Directions for this task
In the lines below, look for "Alternate". Copy each line where it appears.

★ ★ ★ ★ ★ ★ ★

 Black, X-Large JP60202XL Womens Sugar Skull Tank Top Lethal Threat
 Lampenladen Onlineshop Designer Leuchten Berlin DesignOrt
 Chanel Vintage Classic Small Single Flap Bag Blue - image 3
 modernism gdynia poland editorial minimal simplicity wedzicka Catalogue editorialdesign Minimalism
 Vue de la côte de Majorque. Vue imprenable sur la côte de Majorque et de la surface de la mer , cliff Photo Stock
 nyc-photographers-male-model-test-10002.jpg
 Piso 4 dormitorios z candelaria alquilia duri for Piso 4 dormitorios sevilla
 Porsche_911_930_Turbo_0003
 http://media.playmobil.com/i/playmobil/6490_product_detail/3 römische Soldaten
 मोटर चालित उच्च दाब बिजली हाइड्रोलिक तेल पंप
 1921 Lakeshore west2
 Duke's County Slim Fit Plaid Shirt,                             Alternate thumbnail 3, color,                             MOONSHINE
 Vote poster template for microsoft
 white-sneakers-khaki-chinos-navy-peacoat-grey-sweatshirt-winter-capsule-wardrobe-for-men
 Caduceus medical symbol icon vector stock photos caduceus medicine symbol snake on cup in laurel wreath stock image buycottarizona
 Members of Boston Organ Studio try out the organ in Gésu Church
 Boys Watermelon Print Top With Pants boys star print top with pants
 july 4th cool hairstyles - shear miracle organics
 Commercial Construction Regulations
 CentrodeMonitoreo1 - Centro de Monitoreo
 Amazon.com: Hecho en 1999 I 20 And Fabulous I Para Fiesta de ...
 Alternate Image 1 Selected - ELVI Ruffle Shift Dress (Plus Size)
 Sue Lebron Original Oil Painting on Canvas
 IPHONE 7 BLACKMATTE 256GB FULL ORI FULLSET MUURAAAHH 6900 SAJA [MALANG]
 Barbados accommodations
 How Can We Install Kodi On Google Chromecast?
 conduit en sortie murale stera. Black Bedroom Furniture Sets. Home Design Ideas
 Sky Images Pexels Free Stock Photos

★ ★ ★ ★ ★ ★ ★

Exercise result
 Duke's County Slim Fit Plaid Shirt,                             Alternate thumbnail 3, color,                             MOONSHINE
 Alternate Image 1 Selected - ELVI Ruffle Shift Dress (Plus Size)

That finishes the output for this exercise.